The plans for the 2014 garden are starting to come together.  Yesterday Nikole and I completed our seed list and Nikole ordered our seeds from Johnny's Seeds.  We had ordered there last year and had good success with the seeds that came from there.  We had only one little snafu and even that turned out okay.  We got to try a great paste tomato when the packet that we received was what we ordered but the seeds inside were a different variety.  The seeds should ship tomorrow and I imagine will arrive this week.  They it will be the fun of deciding what to plant where and when to start the seeds in the greenhouse for transplanting in the spring.
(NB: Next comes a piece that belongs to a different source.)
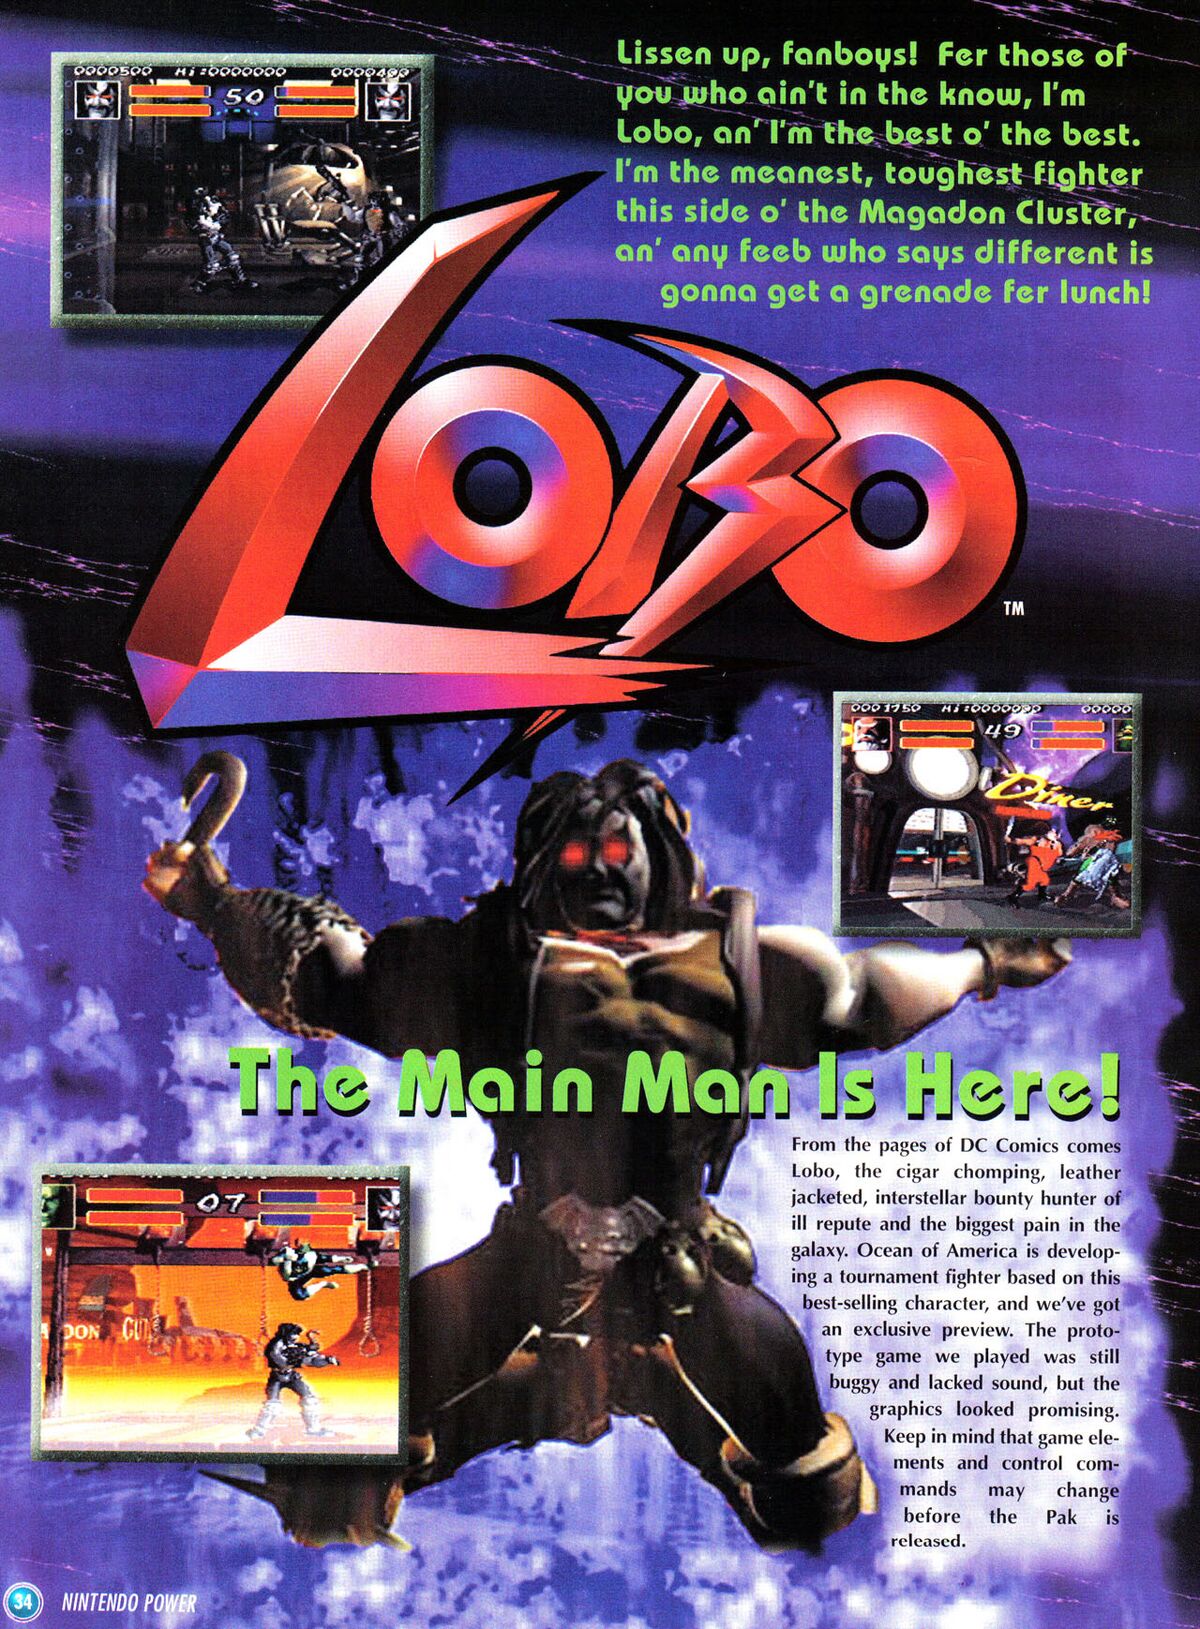 (found Super Nintendo/Sega Genesis fighting game; 1996) - The Lost Media

So we ordered a lot of the same varieties as last year along with a few new ones.  We are trying a second heirloom tomato and a second paste tomato this year.  We were so happy with the tomatoes that we grew last year that we are doing those again.  The Big Beef tomatoes were a hybrid so we ordered them again.  Last fall I saved seeds from our heirlooms which is a process that I have not tried before.  I decided to try to plant a few of the saved seeds before we got our order ready to see if our seeds were viable and right now I have baby seedlings under the grow light set up in Caitlin's bedroom.  We actually had a decent germination.  Not every seed that I planted sprouted at the same time but all of the brandywine and the pastes have germinated and half of the cherry tomatoes have sprouted so far.  The cherries were later to start with so I have not given up on them yet.  It will be a good chance to see if we can get a head start on the growing season by putting them in the greenhouse when it is pretty much done with freezing and we have longer days.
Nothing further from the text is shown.